Hornbein said:
What is the most massive freely moving object ever built by man? That is, things like drawbridges aren't freely moving.
I suspect that it could be the battleship Yamoto, but can't get the info. Ships are measured in deadweight tonnage, which means something like their carrying capacity. Lightweight ships with high volume have the most deadweight tonnage. I want to know sheer mass.
Well, you do need the correct name of the
Yamato if you want to find information about her:
https://en.wikipedia.org/wiki/Japanese_battleship_Yamato
Naval vessels are measured by their displacement tonnage, since deadweight tonnage has little meaning for such vessels. The
Yamato, while displacing a massive 70,527 long tons full load, is no longer the most massive naval vessel ever constructed. That title belongs to the US nuclear carriers of the
Nimitz class:
https://en.wikipedia.org/wiki/Nimitz-class_aircraft_carrier
These vessels can have a full load displacement of over 104,000 long tons, easily beating the comparable figure for the
Yamato (and they're faster, to boot).
Super tankers are the most massive ships by total displacement tonnage (which includes cargo):
https://en.wikipedia.org/wiki/List_of_world's_longest_ships
The largest and longest tanker ever built had a total displacement of more than 650,000 metric tons and a length of more than 450 meters.
FWIW, the terms
gross tonnage and
net tonnage don't refer to the mass or displacement of a vessel. These tonnages roughly measure the cargo-carrying capacity of a vessel by its internal volume. The old standard was that an internal volume of 100 cubic feet = 1 gross ton, but newer international tonnage conventions don't rely on such simple equivalents any longer.
https://en.wikipedia.org/wiki/Tonnage
Passenger and cruise ship lines advertise the sizes of their vessel by typically using the gross tonnage figure, rather than displacement or deadweight.
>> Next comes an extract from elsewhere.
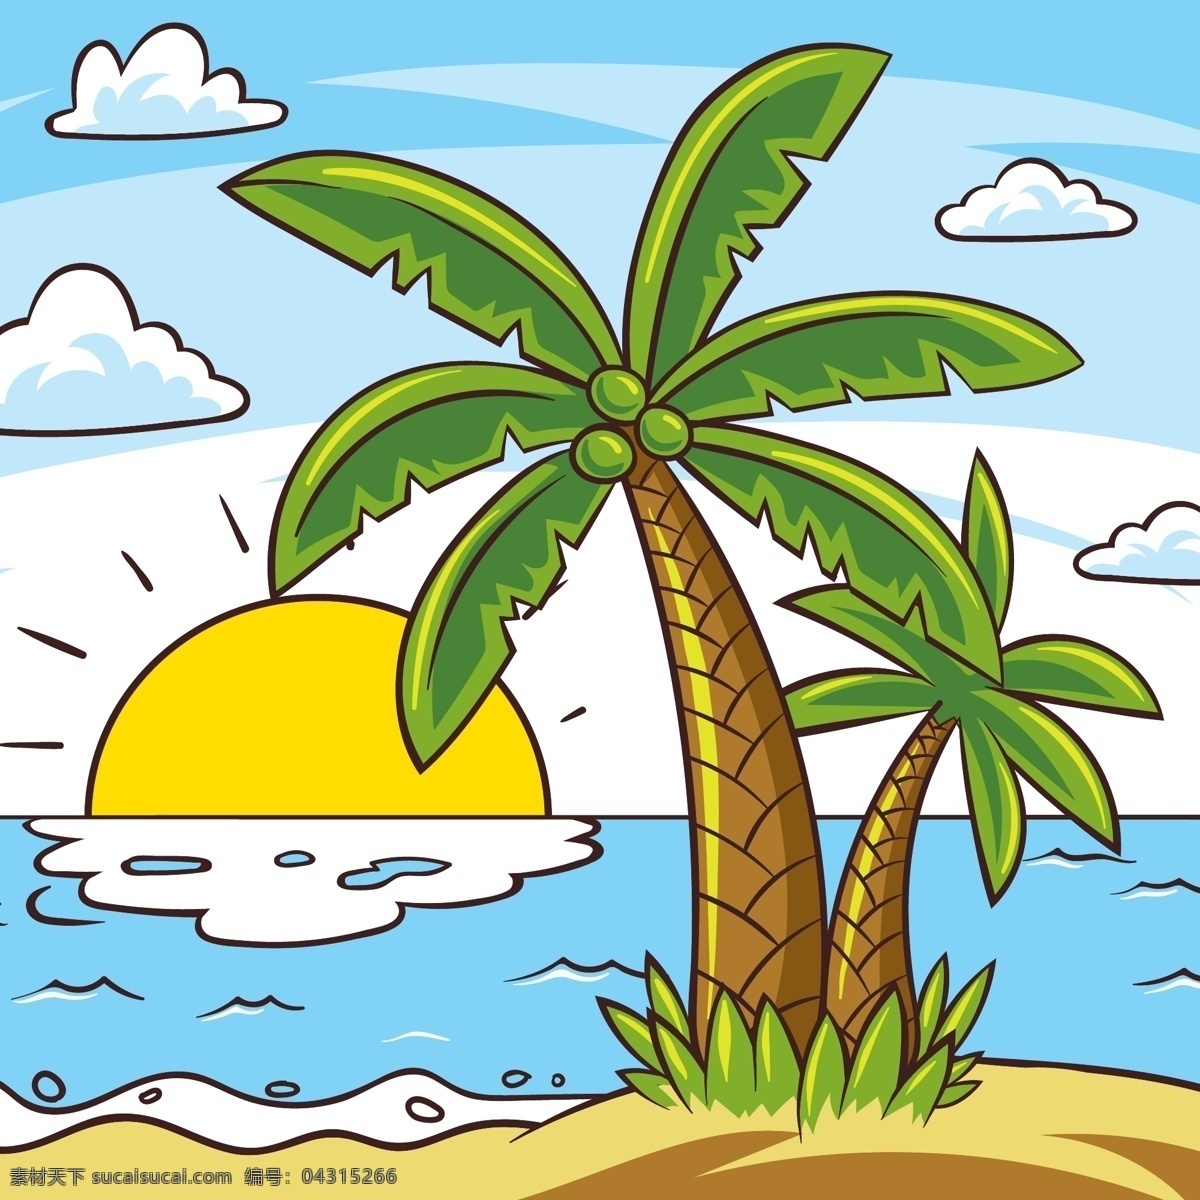 彩绘 棕榈树 大海 风景 矢量 太阳 岛屿 云朵 动漫动画 风景漫画

The deadweight capacity of a typical passenger vessel is relatively small in comparison with its total displacement, since the passenger vessel is designed to carry only her passengers, their luggage, provisions, etc. Because there is no simple equivalence between gross tonnage and displacement tonnage, it takes some digging to find out the displacements of most cruise vessels.